▶ WHAT THE TASK ASKS: Word for word, reproduce each line of the data below, omitting every image.

▶ DATA SHOWN:
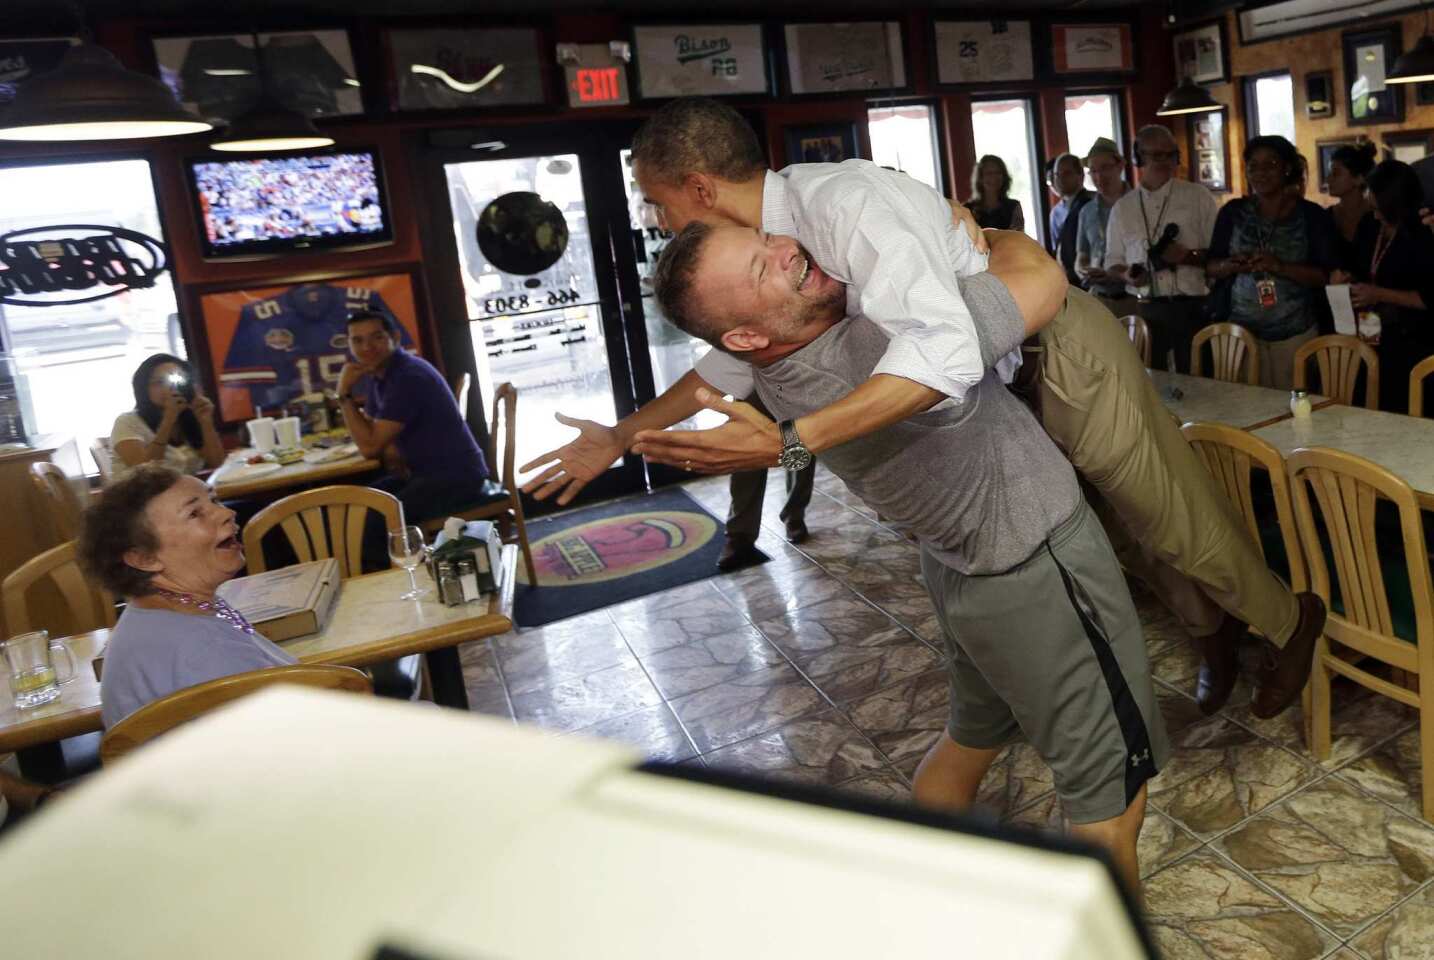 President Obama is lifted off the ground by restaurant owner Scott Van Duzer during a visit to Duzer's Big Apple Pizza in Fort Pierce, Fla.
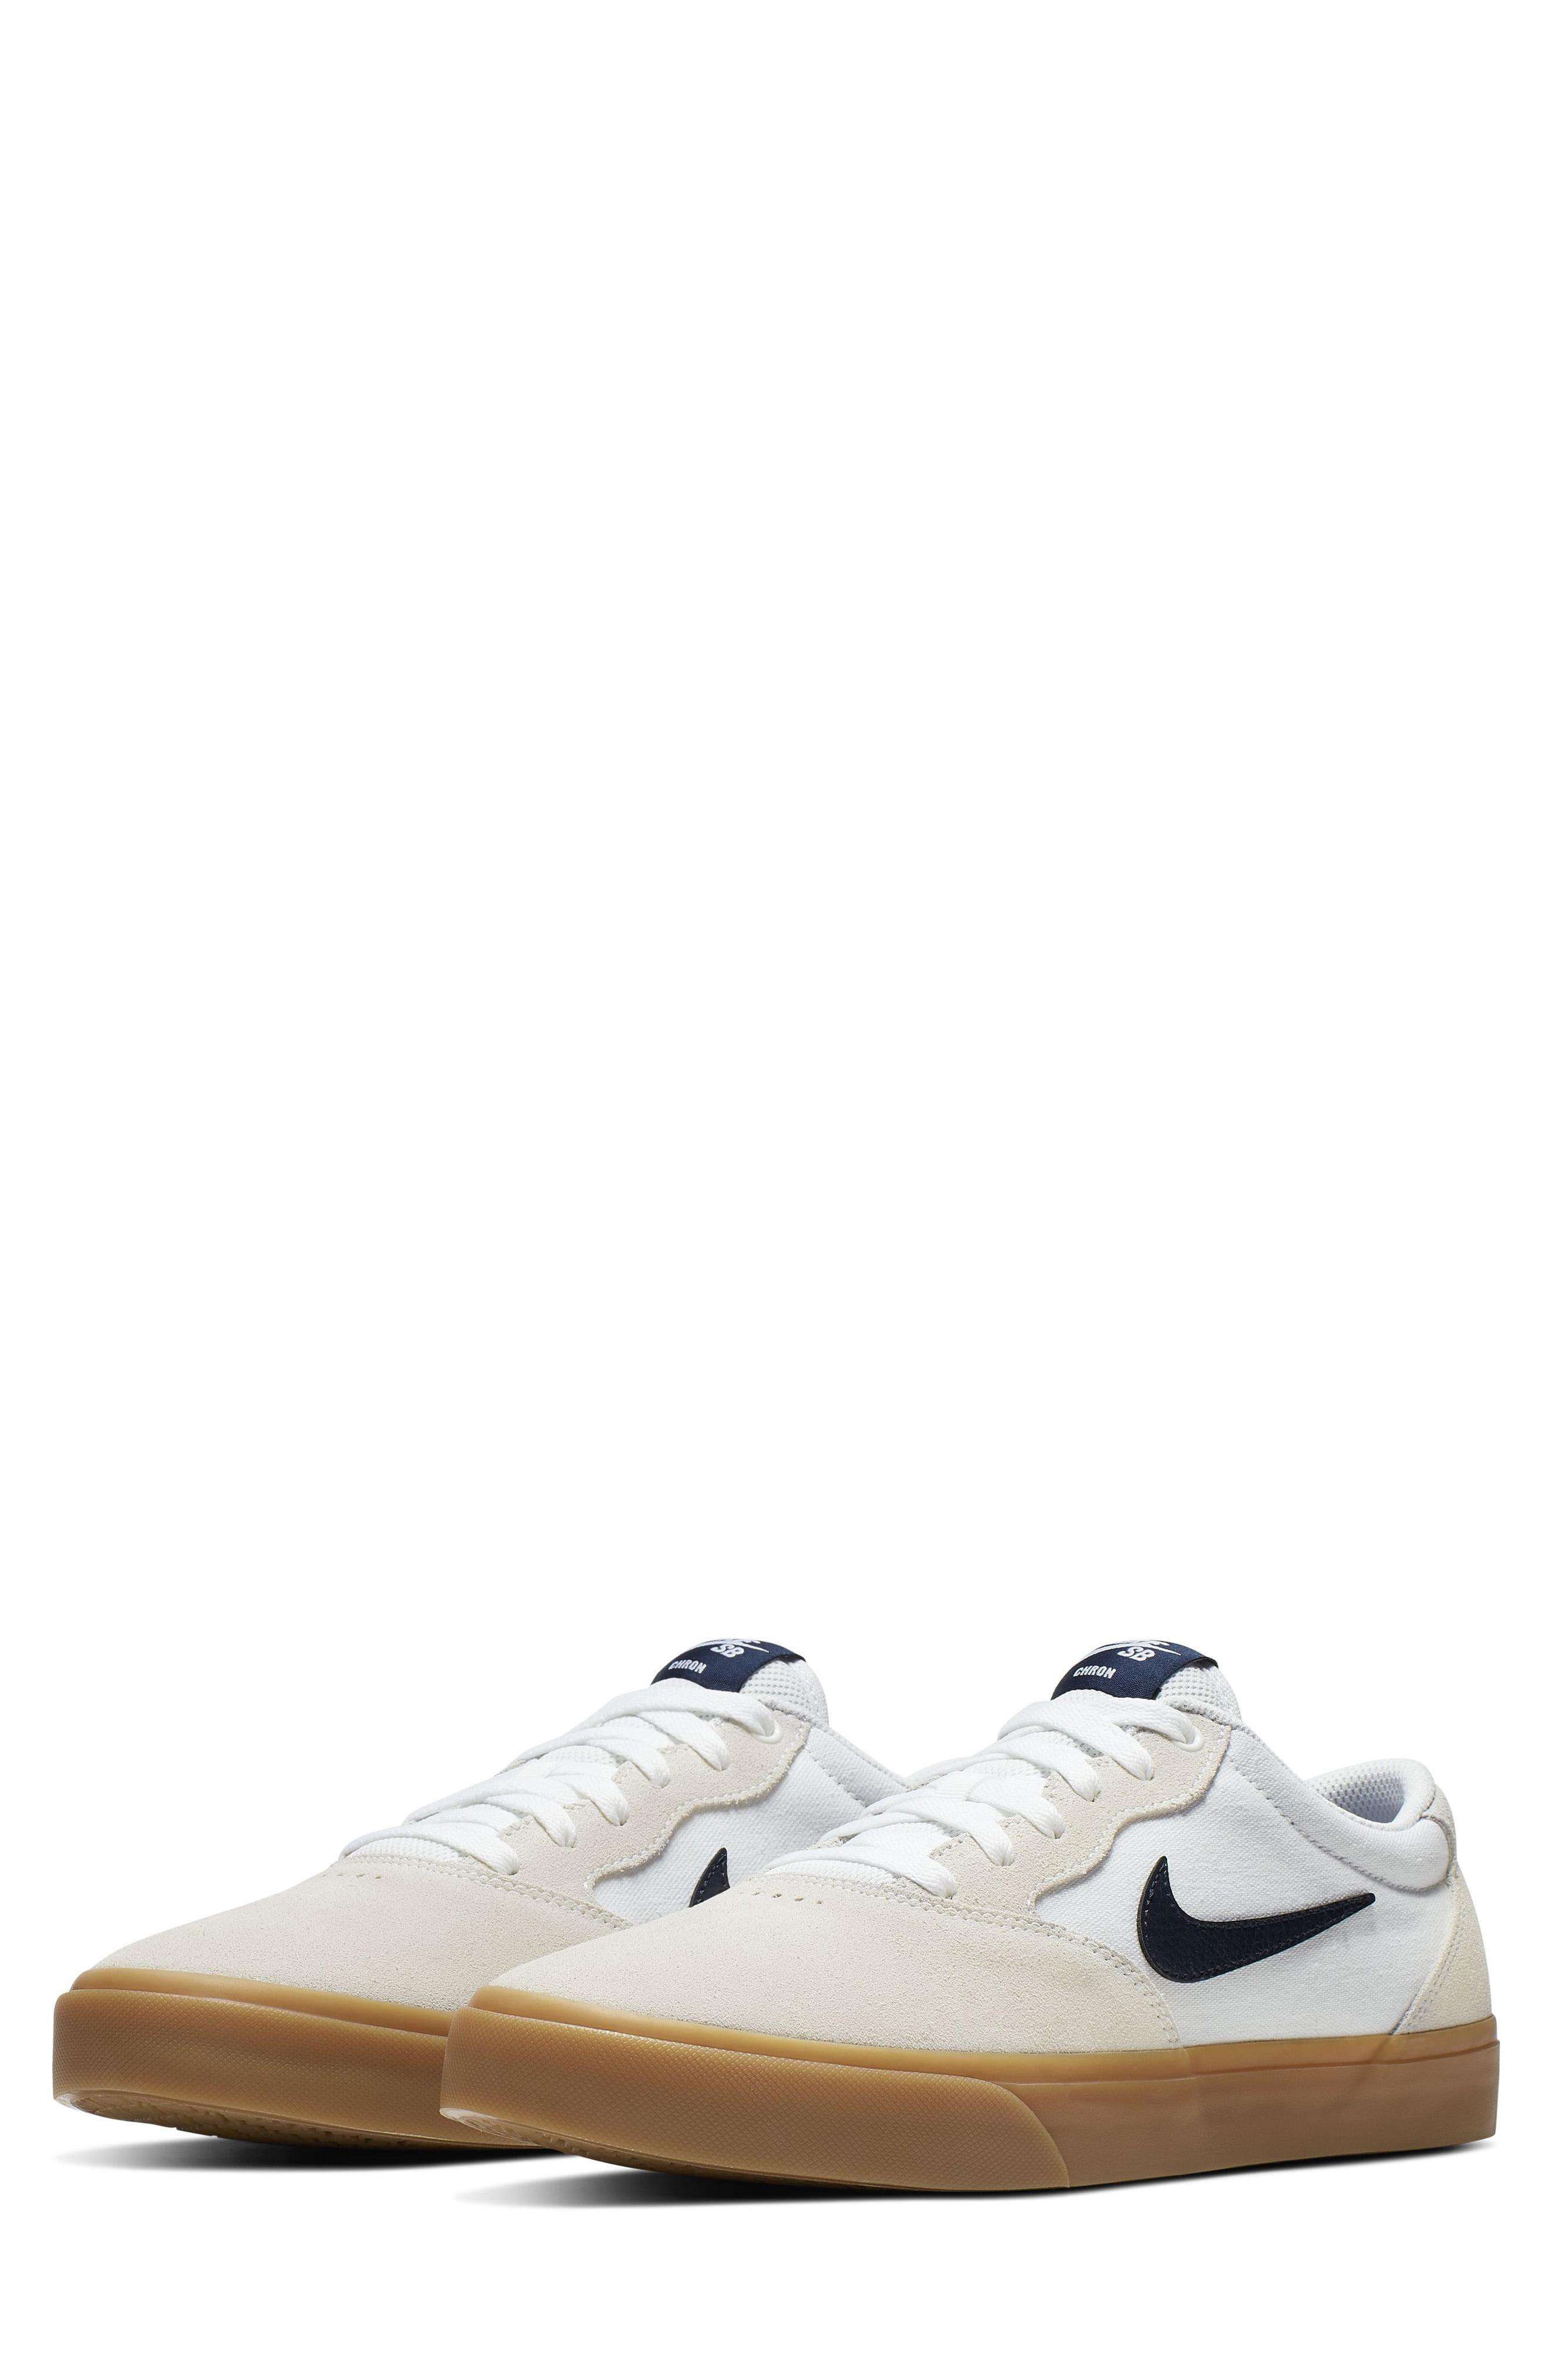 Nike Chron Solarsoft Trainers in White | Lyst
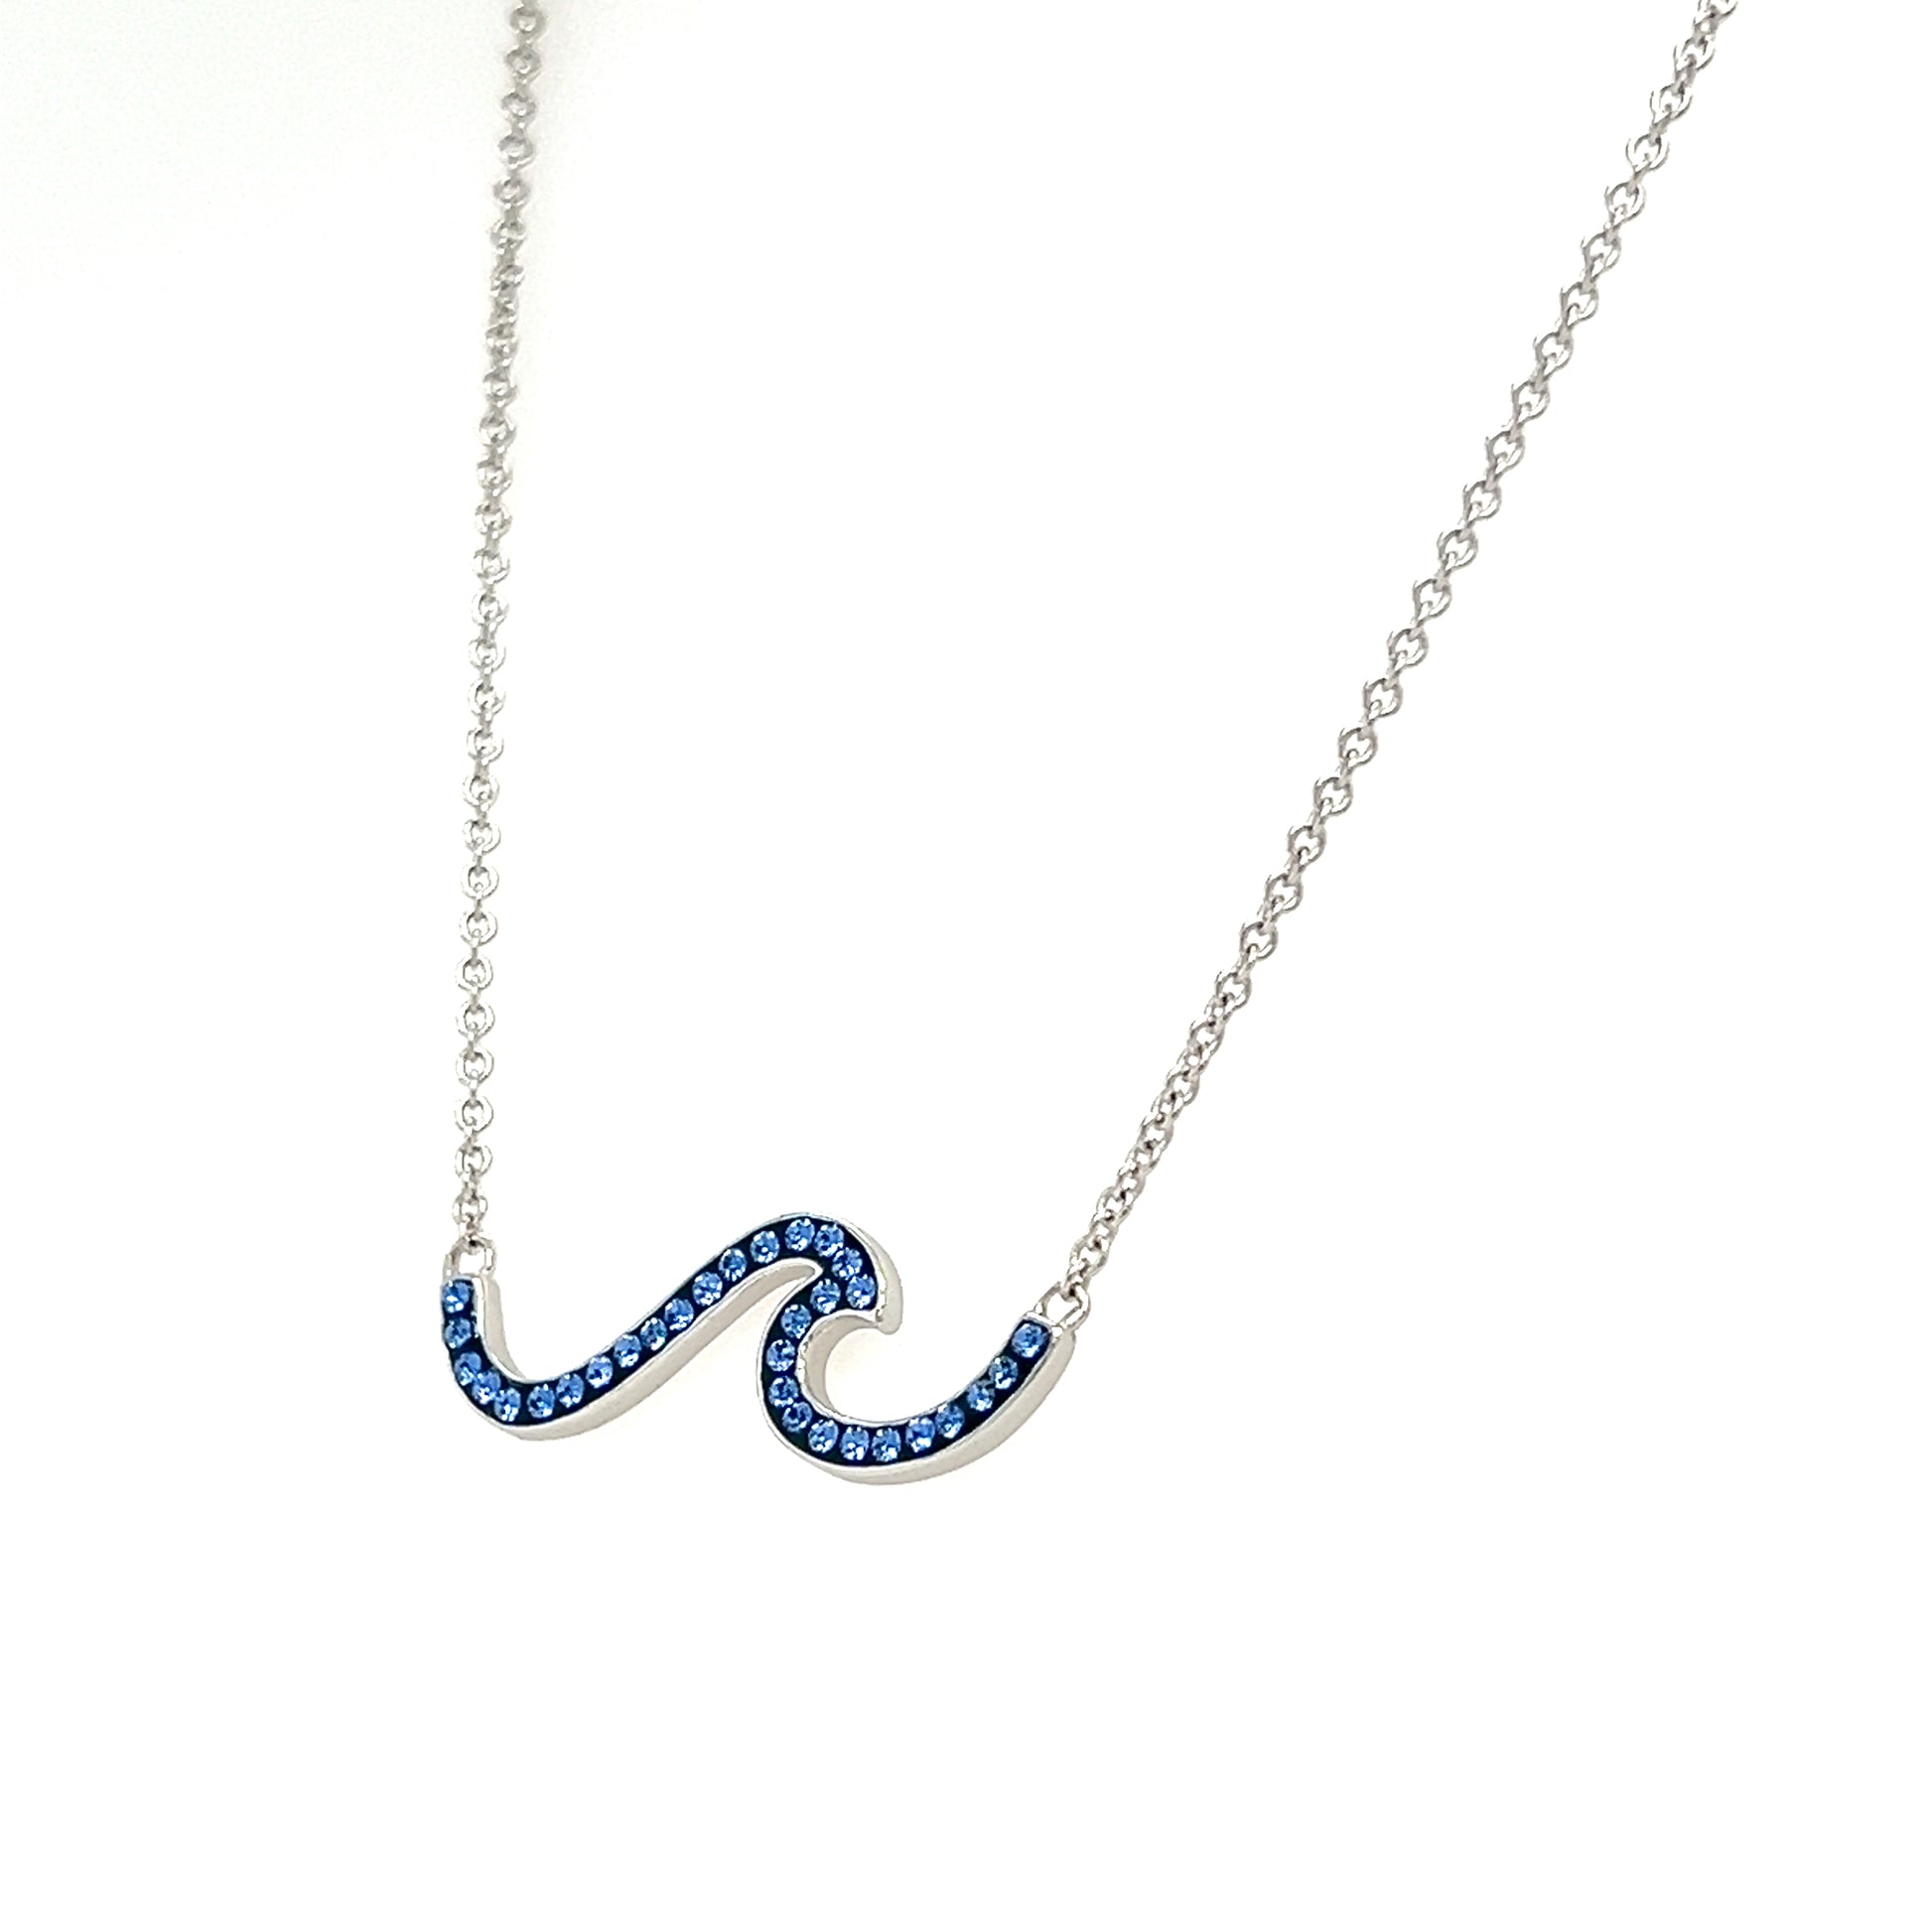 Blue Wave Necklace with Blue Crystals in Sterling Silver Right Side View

▶ TASK RESPONSE:
 President Obama is lifted off the ground by restaurant owner Scott Van Duzer during a visit to Duzer's Big Apple Pizza in Fort Pierce, Fla.
 Nike Chron Solarsoft Trainers in White | Lyst
 Blue Wave Necklace with Blue Crystals in Sterling Silver Right Side View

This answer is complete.